The dengue fever epidemic has become endemic in the Island. Castro’s regime has always tried to hide the facts, instead of asking the international community for help to eradicate the epidemic. This excellent article about the Dengue Epidemic is a must read:
“THE DENGUE EPIDEMIC IN CUBA”
http://www.lanuevacuba.com/archivo/humb ... o-1eng.htmQuote:
In Cuba it was one doctor per 175 people, in the UK the figure was one doctor per 600 people.
Mora than 36,000 Cuban health workers, most of them doctors, who work overseas in 71 countries according to official figures, brought in $2.3 billion last year, more than any other industry, including tourism. Most of them are paid $150 to $375 a month, 10% to 15% only of the cash or trade benefits the Cuban government pockets in exchange for their work.

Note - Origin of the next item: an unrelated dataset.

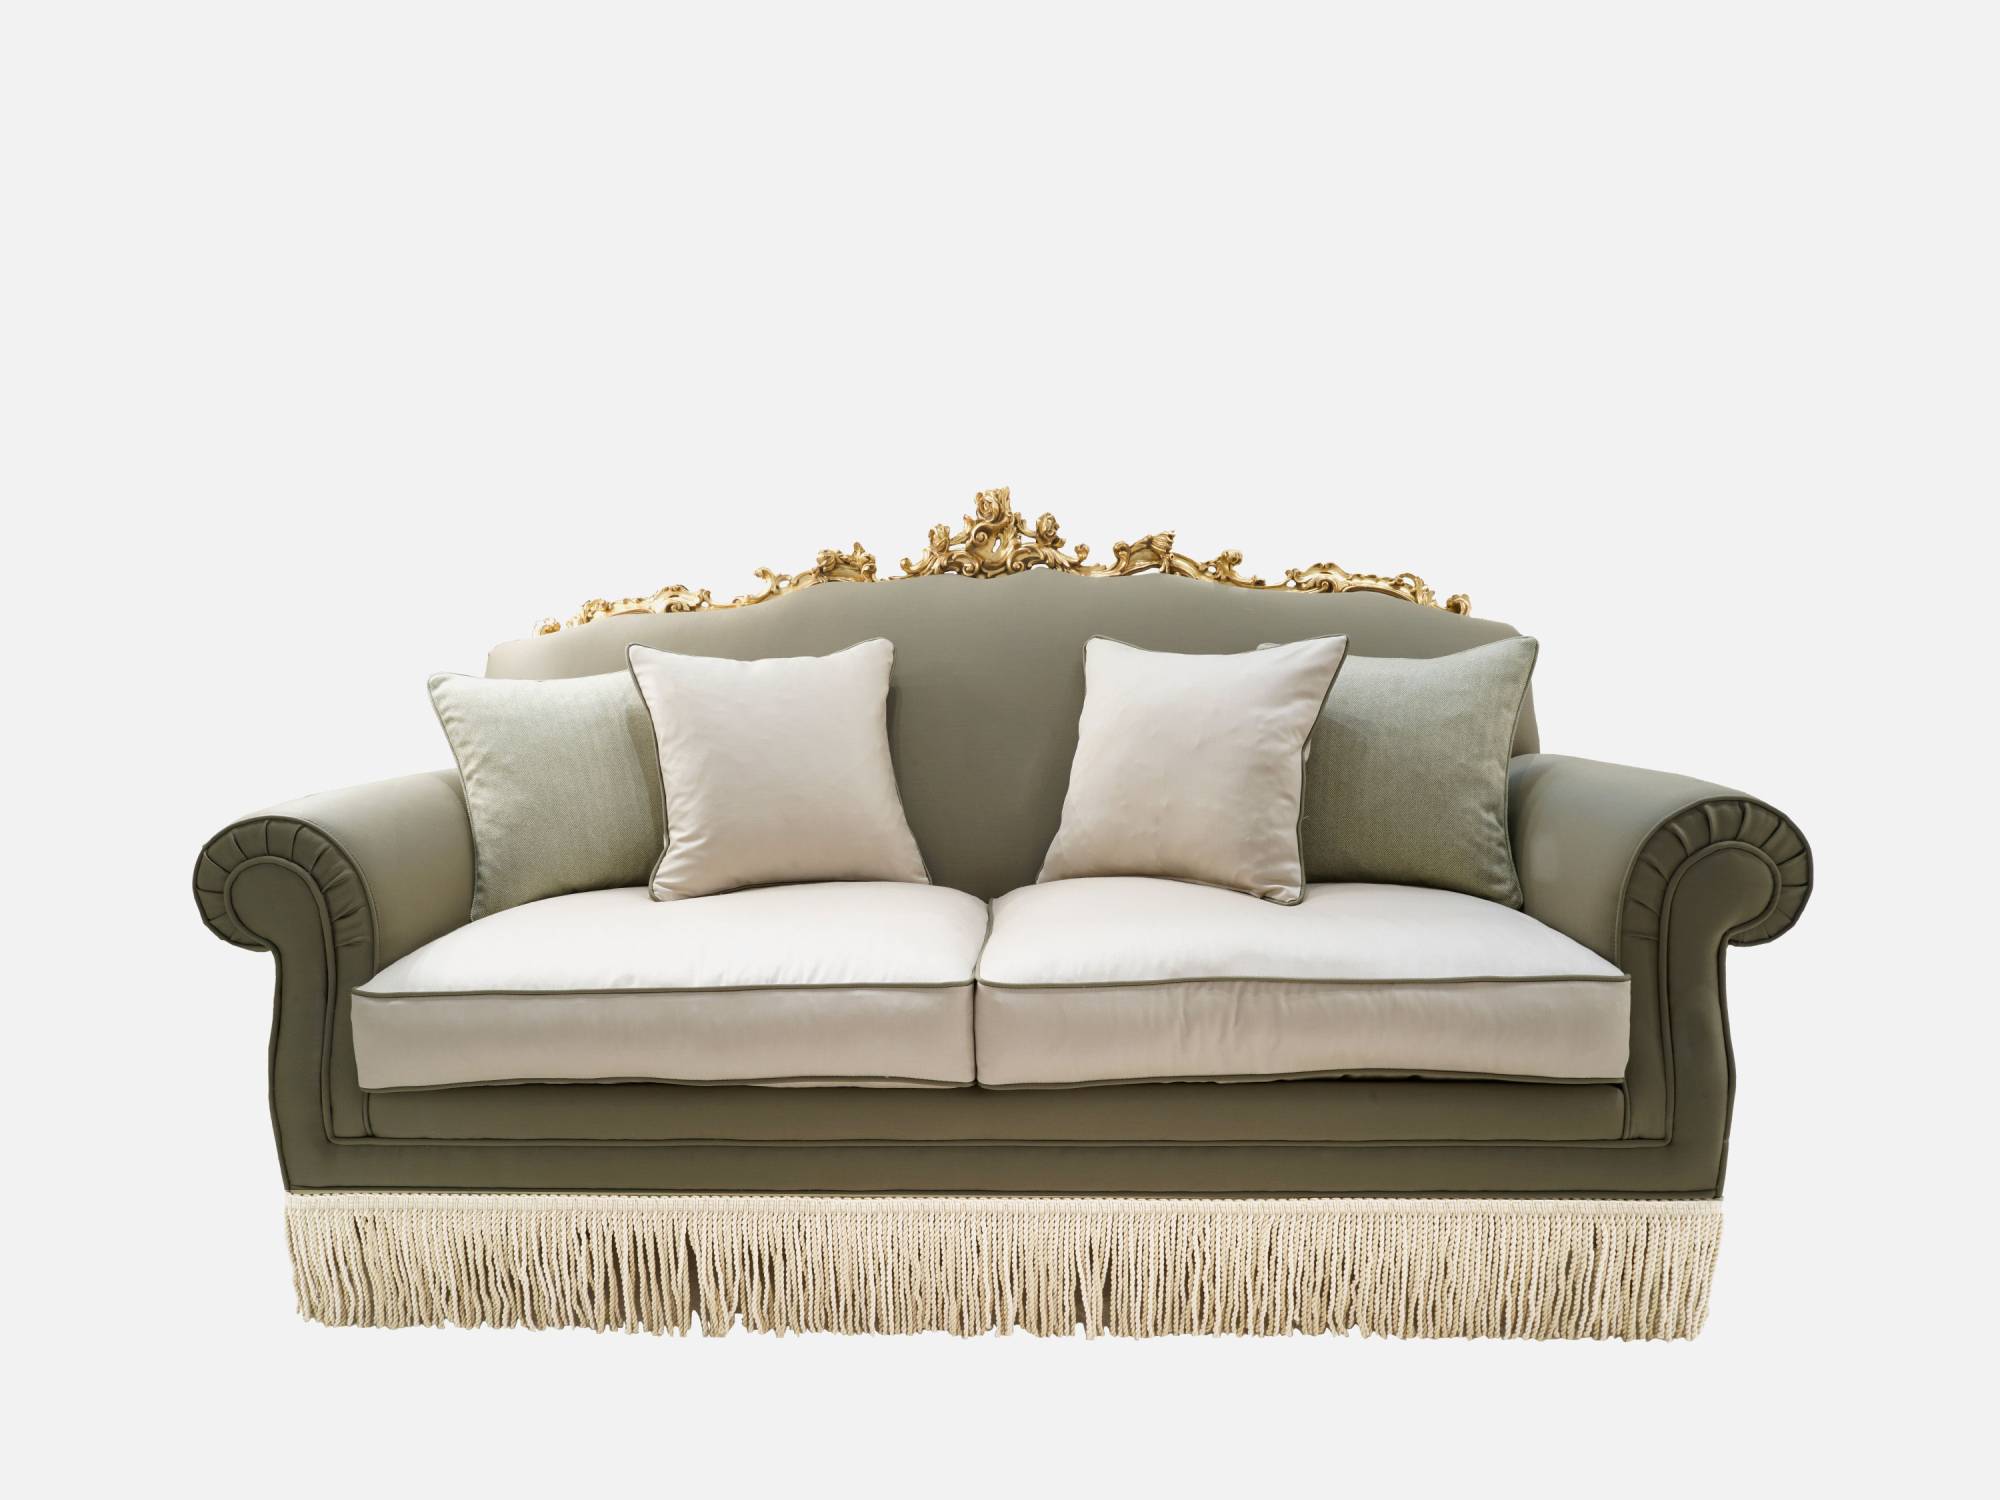 ART. 2201 – The elegance of luxury classic Sofas made in Italy by C.G. Capelletti.

Physicians in Cuba are forced to work for a salary of $22 per month (530 pesos) which does not cover even their bare necessities. Many doctors quit the profession and seek jobs in the only industry that offers any chance for economic opportunity and access to dollars, the Cuban tourism industry.
Because so many health workers are working overseas, and others have quit the profession, there is a shortage in Cuba. The situation has become so bad that on December 2007 the vice minister of public health, Joaquín García Salaberría, took the highly unusual step of admitting on Cuban television that there were shortages of doctors and nurses.
The physicians serving in those countries are essentially under surveillance all the time and any change in their plans not consistent with the orders given from Havana invariably lead to the involvement of police or paramilitary security forces. It is no wonder that many physicians in such missions defect to freedom. About 6,000 health workers, many of them physicians, have left Cuba in the last six years.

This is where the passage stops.